Barić Domjan, Fumić Petar, Horvatić Davor, Lipic Tomislav
Department of Physics, Faculty of Science, University of Zagreb, Bijenička cesta 32, 10000 Zagreb, Croatia.
Division of Electronics, Ruđer Bošković Institute, Bijenička cesta 54, 10000 Zagreb, Croatia.

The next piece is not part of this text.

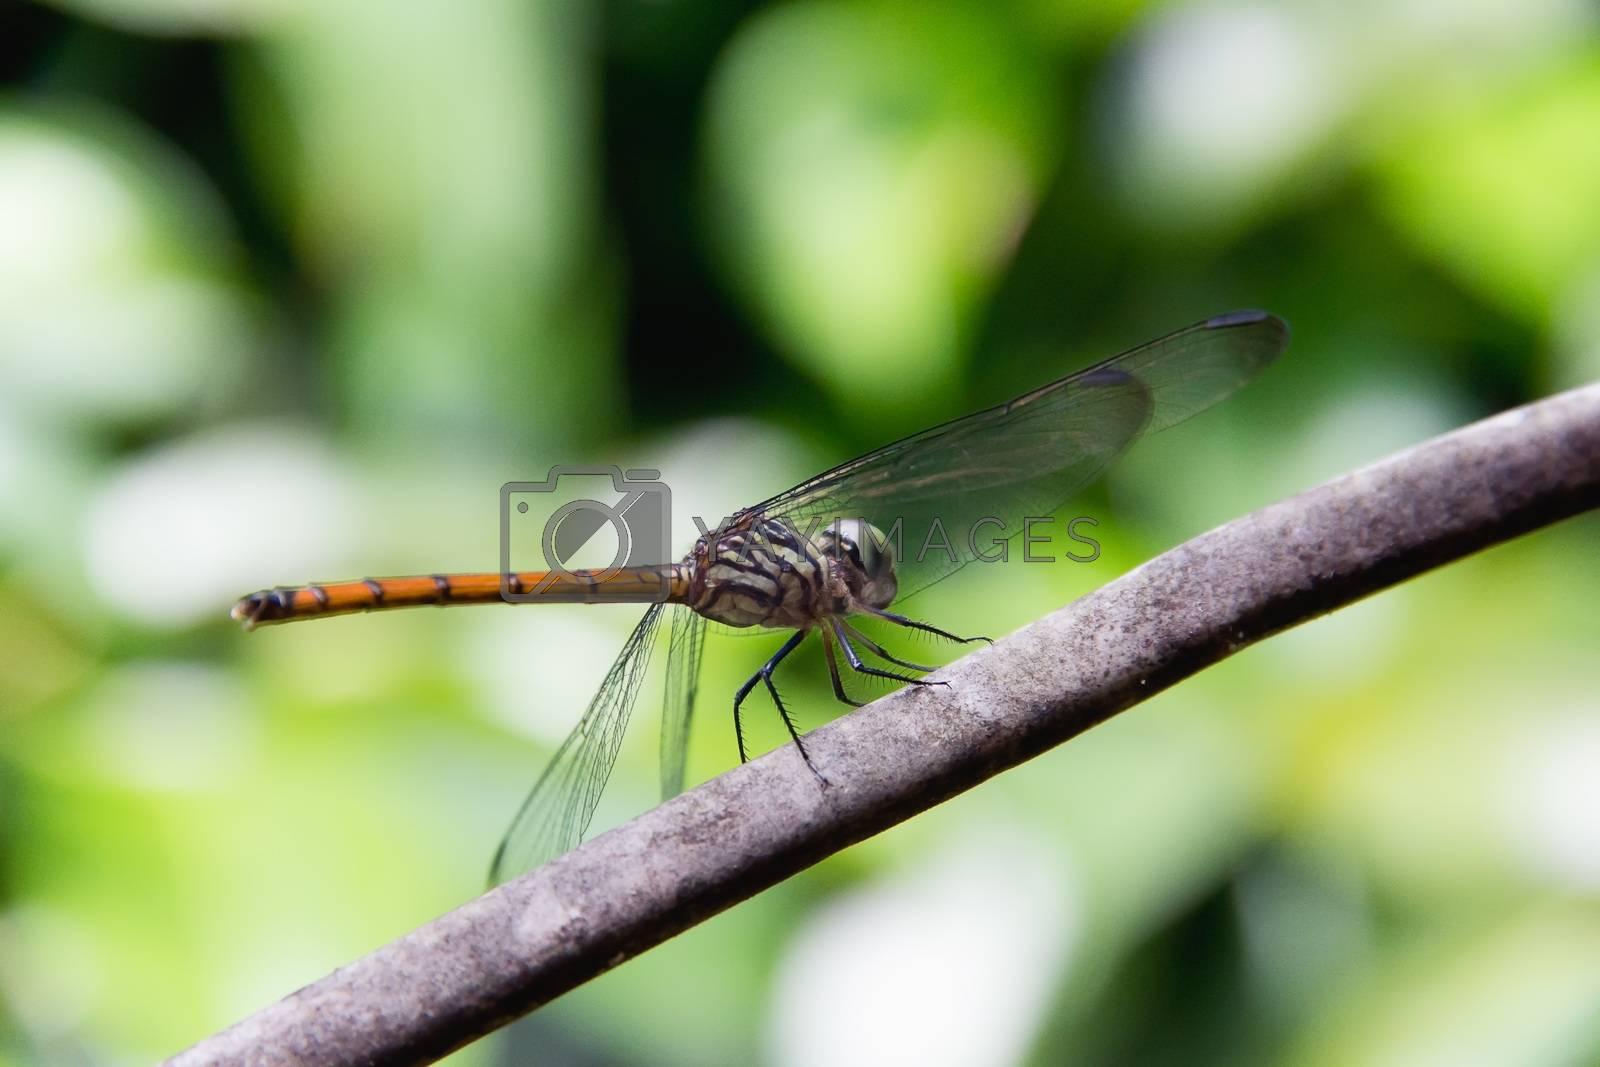 Closeup Dragonfly Island on a branch by STZU
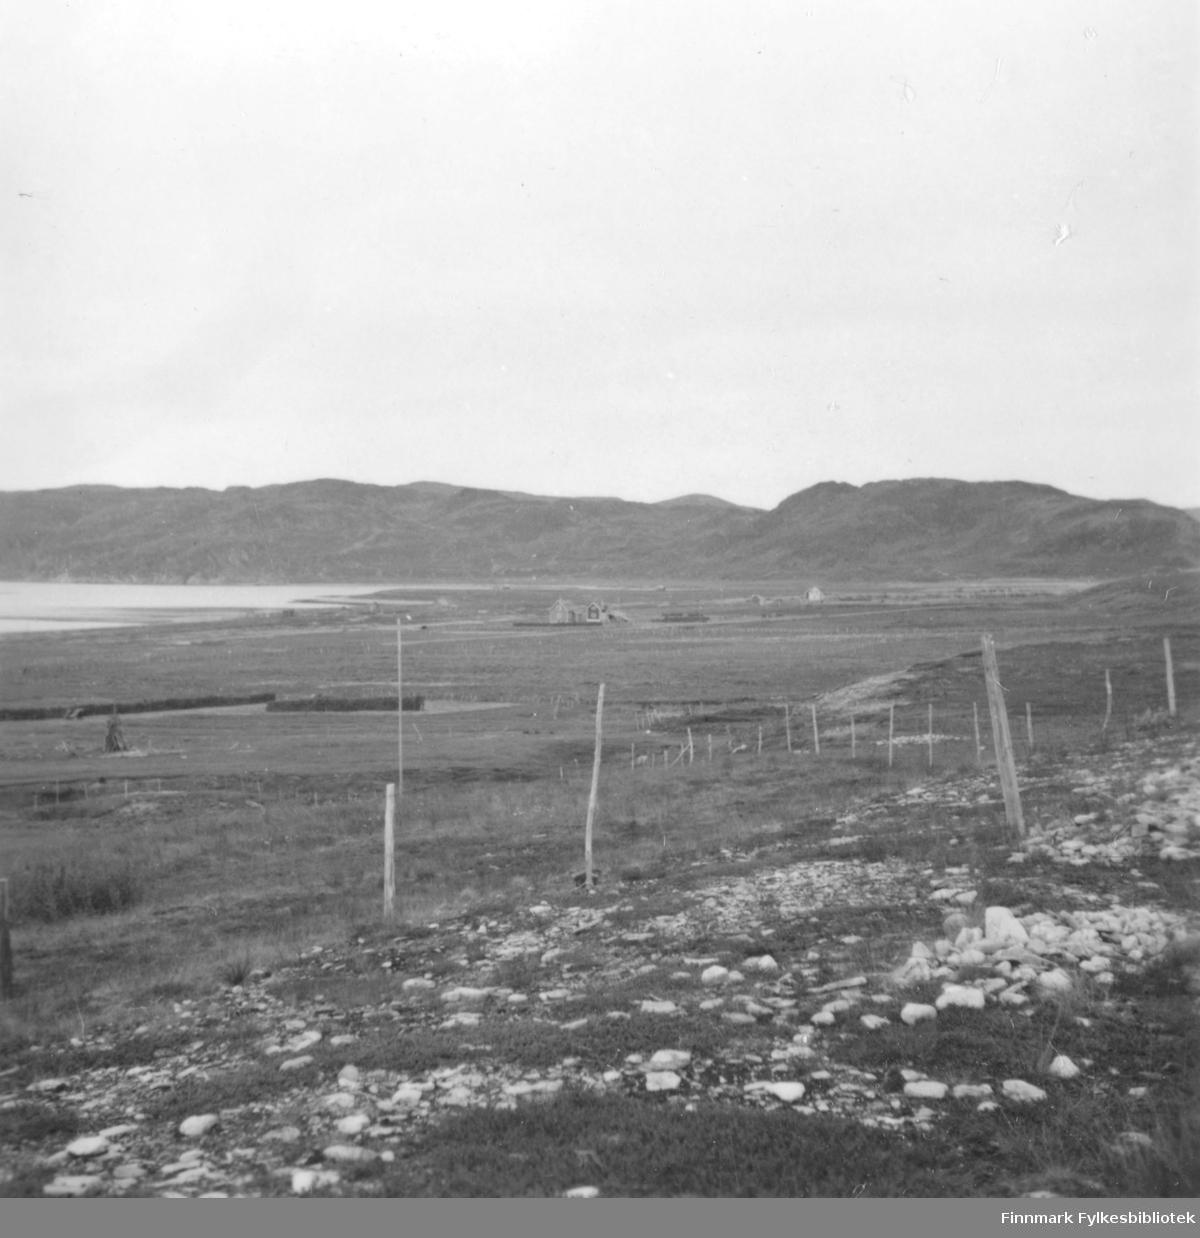 Høstbilde fra Selkopp i Kokelv. Huset til Uldrik Larsen ses midt på bildet. På sletten henger det høy på hesjer. Flere plasser er det gjerder

Entropy (Basel). 2021 Jan 25;23(2):143. doi: 10.3390/e23020143.
The adaptation of deep learning models within safety-critical systems cannot rely only on good prediction performance but needs to provide interpretable and robust explanations for their decisions. When modeling complex sequences, attention mechanisms are regarded as the established approach to support deep neural networks with intrinsic interpretability. This paper focuses on the emerging trend of specifically designing diagnostic datasets for understanding the inner workings of attention mechanism based deep learning models for multivariate forecasting tasks. We design a novel benchmark of synthetically designed datasets with the transparent underlying generating process of multiple time series interactions with increasing complexity. The benchmark enables empirical evaluation of the performance of attention based deep neural networks in three different aspects: (i) prediction performance score, (ii) interpretability correctness, (iii) sensitivity analysis. Our analysis shows that although most models have satisfying and stable prediction performance results, they often fail to give correct interpretability. The only model with both a satisfying performance score and correct interpretability is IMV-LSTM, capturing both autocorrelations and crosscorrelations between multiple time series. Interestingly, while evaluating IMV-LSTM on simulated data from statistical and mechanistic models, the correctness of interpretability increases with more complex datasets.
安全关键系统中深度学习模型的适配不能仅依赖于良好的预测性能,还需要为其决策提供可解释且稳健的解释。在对复杂序列进行建模时,注意力机制被视为支持具有内在可解释性的深度神经网络的既定方法。本文关注的是一种新趋势,即专门设计诊断数据集,以理解基于注意力机制的深度学习模型在多变量预测任务中的内部工作原理。我们设计了一个新颖的综合设计数据集基准,其具有多个时间序列交互的透明底层生成过程,且复杂度不断增加。该基准能够从三个不同方面对基于注意力的深度神经网络的性能进行实证评估:(i)预测性能得分,(ii)可解释性正确性,(iii)敏感性分析。我们的分析表明,尽管大多数模型具有令人满意且稳定的预测性能结果,但它们往往无法给出正确的可解释性。唯一具有令人满意的性能得分和正确可解释性的模型是IMV-LSTM,它同时捕捉了多个时间序列之间的自相关性和互相关性。有趣的是,在基于统计和机制模型的模拟数据上评估IMV-LSTM时,可解释性的正确性会随着数据集复杂度的增加而提高。